The Temple Institute is currently producing an educational documentary film which will depict the various stages of the Passover offering. A DVD is also in the works for the benefit of yeshivot, seminaries and schools, and all who wish to study the details of this important subject.

The Kohanim who participated in this drill, all true descendants of Aaron, all wore authentic Priestly garments and recited the appropriate 'blessings' ( in practice mode) which applied to each stage of the commandment's fulfillment. The event was accompanied by blasts from silver trumpets, and the song of the Levitical choir.

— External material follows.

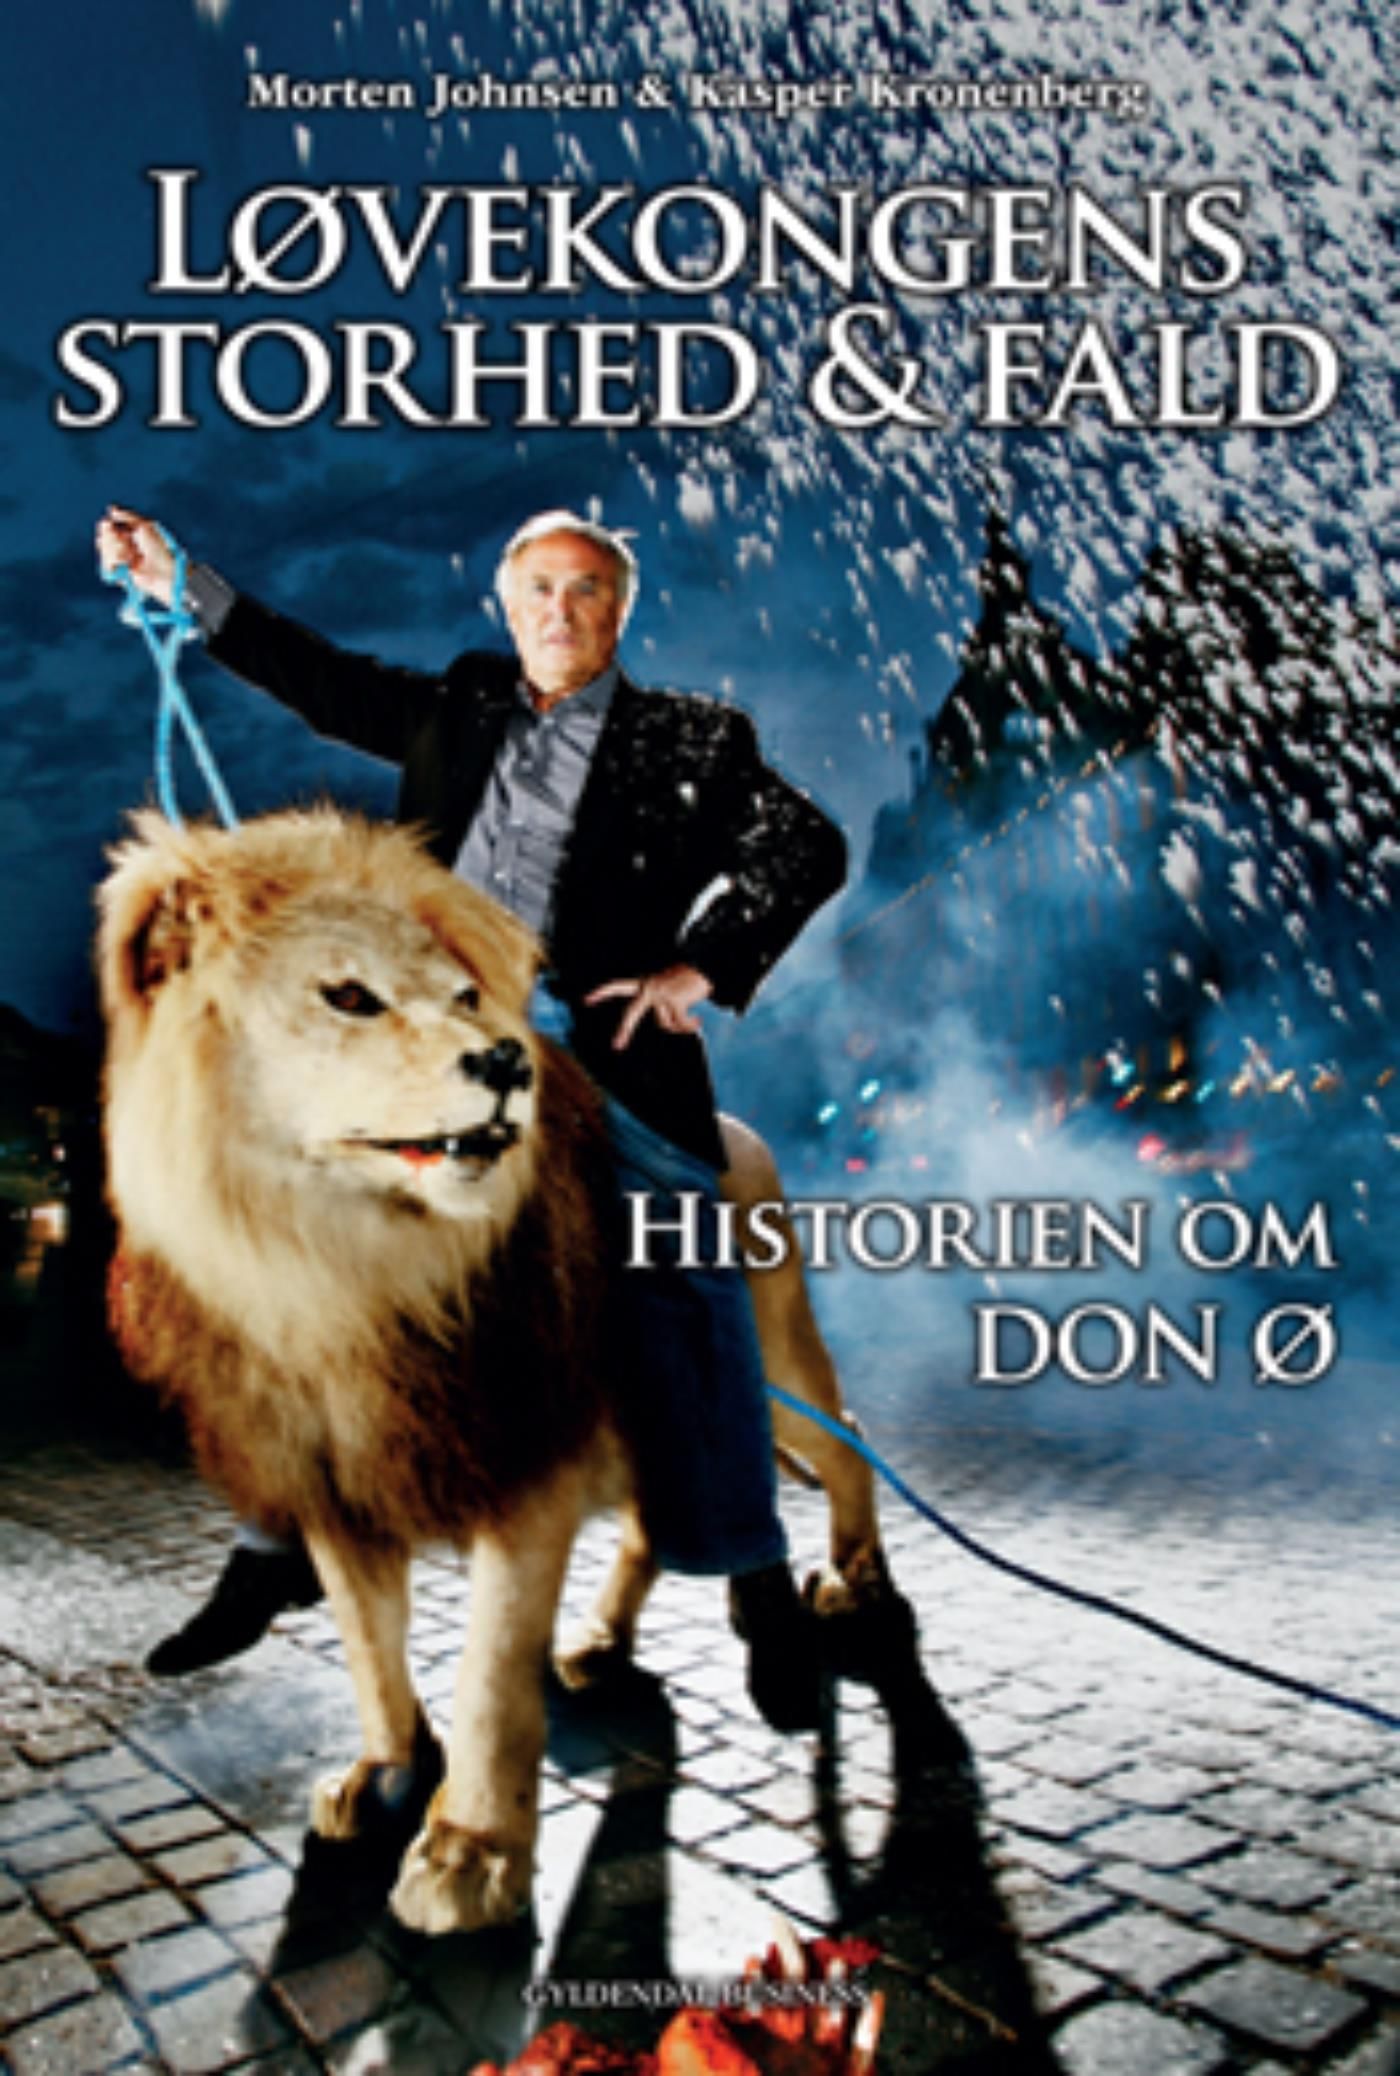 Løvekongens storhed og fald, e-bok av Morten Johnsen, Kasper Kronenberg

Other stages of the drill included: examination of the lamb for blemishes, the priests bringing the animal to the Temple courtyard, the shechita and receiving the blood which is brought to the corner of the altar, skinning and separation of the inner parts, and the roasting of the whole lamb as required by the Divine command, in a special Passover oven designed and built for this purpose.

During 'chol hamoed', the intermediary days of Passover, the Temple Institute's Holy Temple Visitors Center is open to the public until 9:00 PM. Special presentations for children and Passover-oriented guided tours are planned! For details call 02-6264545


----------



## Lowjack (Mar 28, 2015)

Why do animal sacrifices need to be re-established ?

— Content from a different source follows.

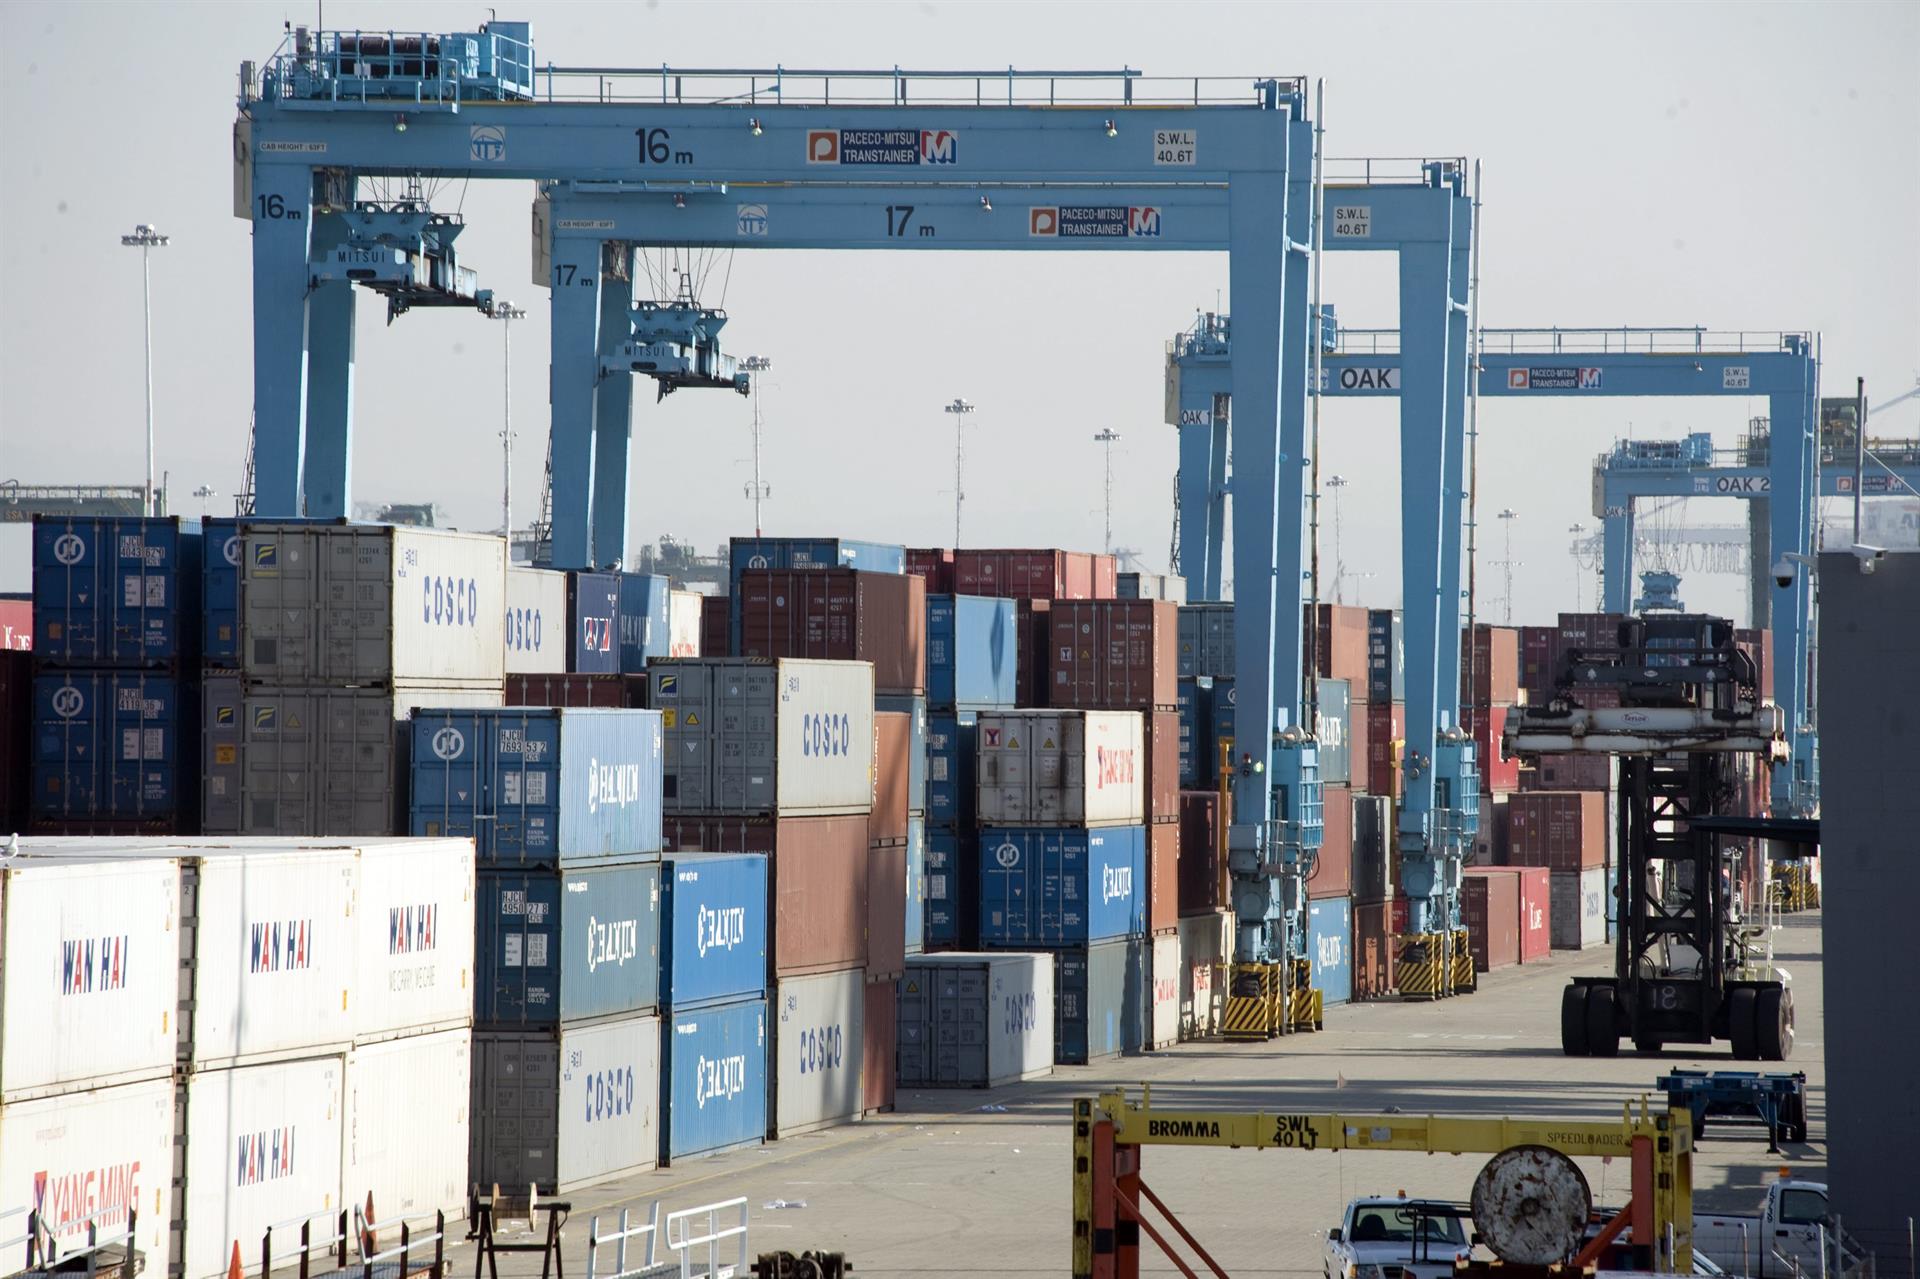 Vista de varios contenedores en el Puerto de Oakland, California (EEUU), donde llegan los barcos provenientes de Asia con productos de consumo. Imagen de archivo. EFE/JOHN G. MABANGLO

http://www.letusreason.org/Biblexp191.htm


----------



## ambush80 (Mar 28, 2015)

That's awesome!!

I wanna try.


----------



## Artfuldodger (Mar 28, 2015)

I noticed they are using a magnifying glass to check for blemishes. Perhaps an X-ray would help. Just kidding but why a magnifying glass?

It's look like an interesting documentary.


----------



## Lowjack (Mar 29, 2015)

Why not a magnifying glass LOL ?


----------



## Artfuldodger (Mar 29, 2015)

Lowjack said:


> Why not a magnifying glass LOL ?



It doesn't look traditional. What types of blemishes will prevent the animal from being a suitable candidate or is it written down?

I like the tradition and I can see the purpose. I just thought the magnifying glass made it look less Holy.
Perhaps like a religious ceremony using a scroll or one of those huge scripture books suddenly changed to an overhead projector or an Ipad blue toothed to a large screen TV in the Temple or Church.
I could see this in a Contemporary Church service but not a traditional Holy service like some of the Catholics have or some of the Jewish ceremonies.


----------



## ambush80 (Mar 29, 2015)

Artfuldodger said:


> It doesn't look traditional. What types of blemishes will prevent the animal from being a suitable candidate or is it written down?
> 
> I like the tradition and I can see the purpose. I just thought the magnifying glass made it look less Holy.
> Perhaps like a religious ceremony using a scroll or one of those huge scripture books suddenly changed to an overhead projector or an Ipad blue toothed to a large screen TV in the Temple or Church.
> I could see this in a Contemporary Church service but not a traditional Holy service like some of the Catholics have or some of the Jewish ceremonies.




Or like Power Point display.

It's obviously carnal if they use modern technology.   The old ways are the right ways.


----------



## Artfuldodger (Mar 30, 2015)

ambush80 said:


> Or like Power Point display.
> 
> It's obviously carnal if they use modern technology.   The old ways are the right ways.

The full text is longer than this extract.